Он еще не раз повторит это имя, и в этот день, и после. Как молитву, как проклятье. Как объяснение всему.

Как имя хозяина.

19 день, месяц Стрелец 706 года

— Все же, подобные побочные эффекты было просто невозможно просчитать во время лабораторных исследований.

Вэйн согласно кивнул, не сводя глаз с покореженного шлема Судьи Магистра Бергана. О чем думал Император, сказать было сложно. Предельно ясно было одно – нефицит не прощает поражений.

— Скорее всего, они убили бы его в любом случае, – Вэйн привычно улыбнулся. – Будем официально придерживаться этой версии.

— Мой Император, – также официально и бесстрастно кивнул Сидольфус Бананса, но надолго его не хватило. С уже большей, пусть и какой-то болезненной, заинтересованностью добавил:

— Вполне возможно, что любая попытка воспользоваться бонусами, которые дают инъекции нефицита, будет последней вне зависимости от результата… схватки.

Сид засмеялся.

— Похоже, и любопытство ученого, и твой юношеский энтузиазм нас подвели, Вэйн.

— Это крайне вероятно, – печально произнесла Венат. – Я подумаю о том, как этот эффект можно нейтрализовать. Никто раньше не использовал нефицит подобным образом, Сидольфус. Вы, хьюмы, пугающе изобретательны.

— Я с удовольствие выслушаю все твои выкладки, Венат. Пока же нам просто стоит избегать конфронтации физического рода. Не слишком сложно, мой Император?

— Вполне терпимо, – Вэйн провел кончиками пальцев по шлему. Юношеское легкомыслие всегда дорого обходится, как и чрезмерная преданность. Он понимал, что такого надежного и даже привычного Судьи Магистра будет не хватать, но Берган не станет первой потерей в жизни нового Императора. Как не станет и самой болезненной. – Однако, разработки в этой области продолжать я не вижу смысла. У Аркадии нет надобности в одноразовых солдатах, неважно насколько компетентных.

— Неплохо сказано, друг мой. В любом случае, я хотел показать, как идет работа над другой моей интересной задумкой. Уверен, это будет идеальным способом нейтрализовать Мист, который вырвется из Сан-Криста.

Доктор Бананса развернул на столе чертежи.

— Не слишком маневренное, – заметила Венат.

— Лучшее, что можно будет собрать в столь сжатые сроки. Если бы у нас был хотя бы еще год… – Сидольфус небрежно взмахнул рукой. – Но что есть, то есть. Бахамут будет построен к сроку и поглотит столько Миста, сколько потребуется, без нежелательных утечек и последующего экологического бардака.
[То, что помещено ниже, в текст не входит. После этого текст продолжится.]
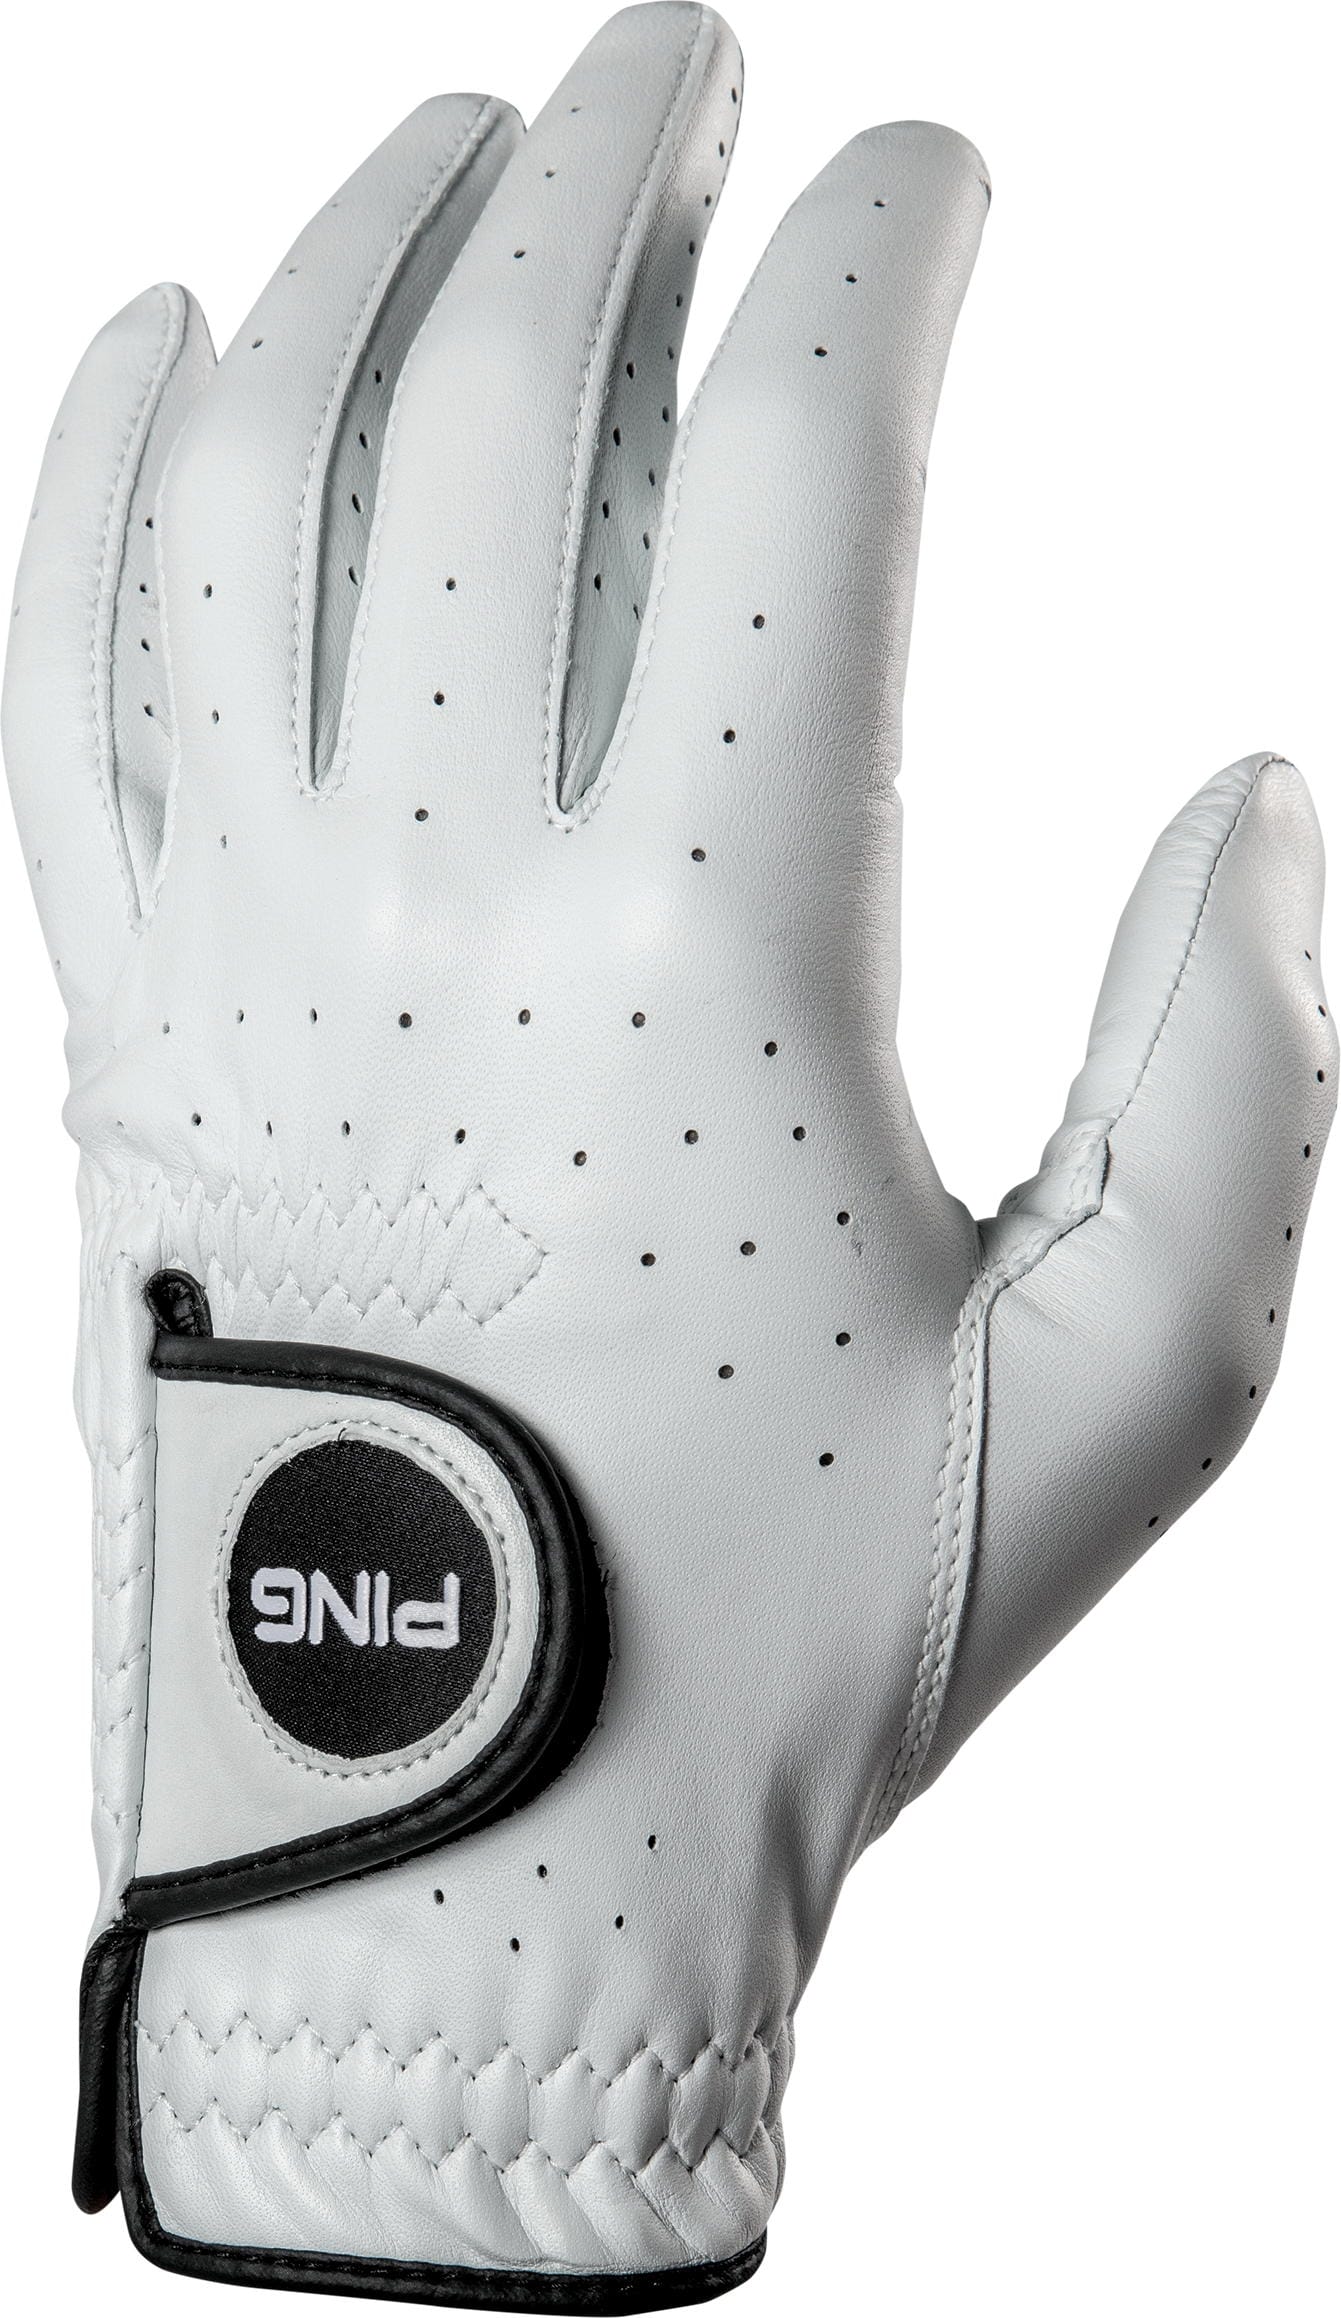 Ping Tour Handschuh

Это я могу гарантировать.

— Такой гарантии вполне достаточно, Сидольфус.

— Вот и замечательно, – Сид ободряюще улыбнулся, потрепав молодого Императора по плечу так легко и непринужденно, как могут, наверное, только жизнерадостные члены Дома Бананса. – Береги себя, – он шутливо поклонился, – мой Император.


***


На закрытых похоронах старшего сына Дома Берган из посторонних – ведь ни у кого не повернулся бы язык назвать Императора Аркадии Вэйна Солидора посторонним – не было ни души. Как не было пафосных речей или фальшивых слез.

В торжественной тишине тело Судьи Магистра Бергана приняла земля.

Что сделано, то сделано, а Дом Берган лишь высказал в очередной раз свою безграничную верность Императору и Империи.

Именно тогда Вэйн, поймав на себе детский, но уже суровый взгляд внезапно осиротевших детей, впервые подумал, что ничего слишком уж странного во внезапно выявившихся побочных действиях нефицита нет.


26 день, месяц Стрелец 706 года


— Самое удивительное, что и на Ффамрана Банансу распространяется свежеприобретенное Домом Бананса право посещать Императора без предварительного прошения об аудиенции, – вместо приветствия проговорил Бальфир. Он вошел в рабочий кабинет теперь уже Императора Вэйна. Надо признать, что сменить обстановку последний не пожелал и изменилось в кабинете в основном только название. Одновременно Бальфир мысленно решал, как бы так сесть, чтобы хорошо было видно не только ему, но и его самого. И в то же время не испортить – или не испытать соблазн стащить – какие-нибудь важные документы.

— Честно говоря, я думал, что меня вообще вычеркнули из генеалогического древа. А на деле на меня только сурово посопел Заграбаат.

Он уверенно поставил перед столом Вэйна стул и уселся, закинув ногу на ногу. Не прекращая делится впечатлениями, разумеется.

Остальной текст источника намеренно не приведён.